Emergence of In-Context Reinforcement Learning from Noise Distillation
Ilya Zisman, Vladislav Kurenkov, Alexander Nikulin, Viacheslav Sinii, Sergey Kolesnikov
TL;DR
This work tackles the data bottleneck in in-context Reinforcement Learning by introducing AD$^$ε, a noise-distillation curriculum that generates learning histories without requiring thousands of RL agents or access to an optimal policy. By gradually injecting noise into demonstrator policies, the method yields synthetic trajectories that encode progressive policy improvement, enabling a Transformer to distill an in-context learning algorithm from suboptimal data. The authors demonstrate emergent in-context RL on grid-world and pixel-based 3D tasks, with the in-context agent outperforming the best data policy by up to about $2\times$, and show robustness across suboptimal trajectories and varying learning pace. Overall, AD$^$ε lowers data barriers to in-context RL and highlights learning-pace dynamics as a critical lever for generalization and adaptation in noisy learning histories.
Abstract
Recently, extensive studies in Reinforcement Learning have been carried out on the ability of transformers to adapt in-context to various environments and tasks.
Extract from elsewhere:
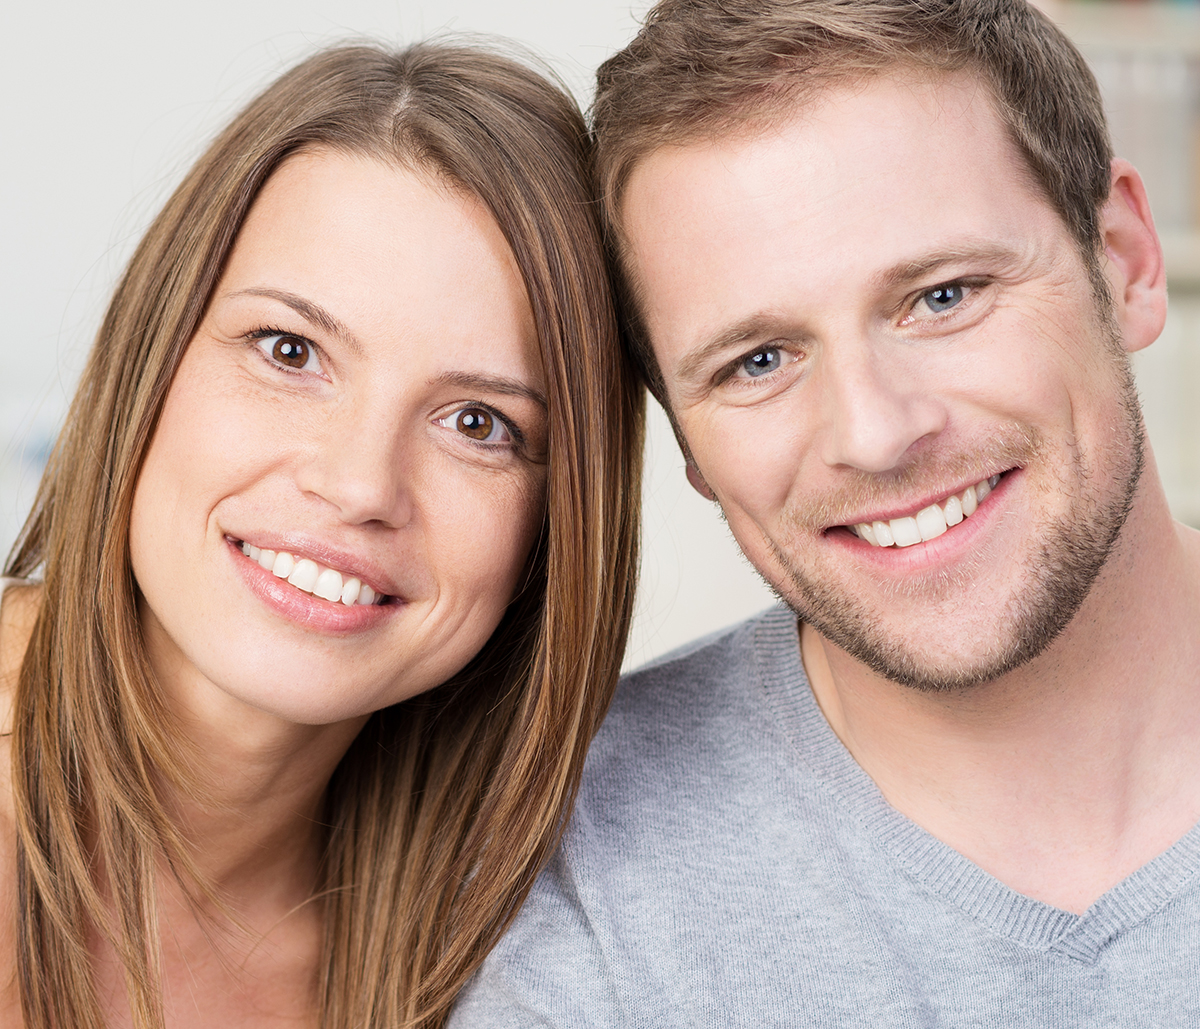 Who Can Benefit from Cosmetic Dental Procedures

Current in-context RL methods are limited by their strict requirements for data, which needs to be generated by RL agents or labeled with actions from an optimal policy. In order to address this prevalent problem, we propose AD$^\varepsilon$, a new data acquisition approach that enables in-context Reinforcement Learning from noise-induced curriculum. We show that it is viable to construct a synthetic noise injection curriculum which helps to obtain learning histories. Moreover, we experimentally demonstrate that it is possible to alleviate the need for generation using optimal policies, with in-context RL still able to outperform the best suboptimal policy in a learning dataset by a 2x margin.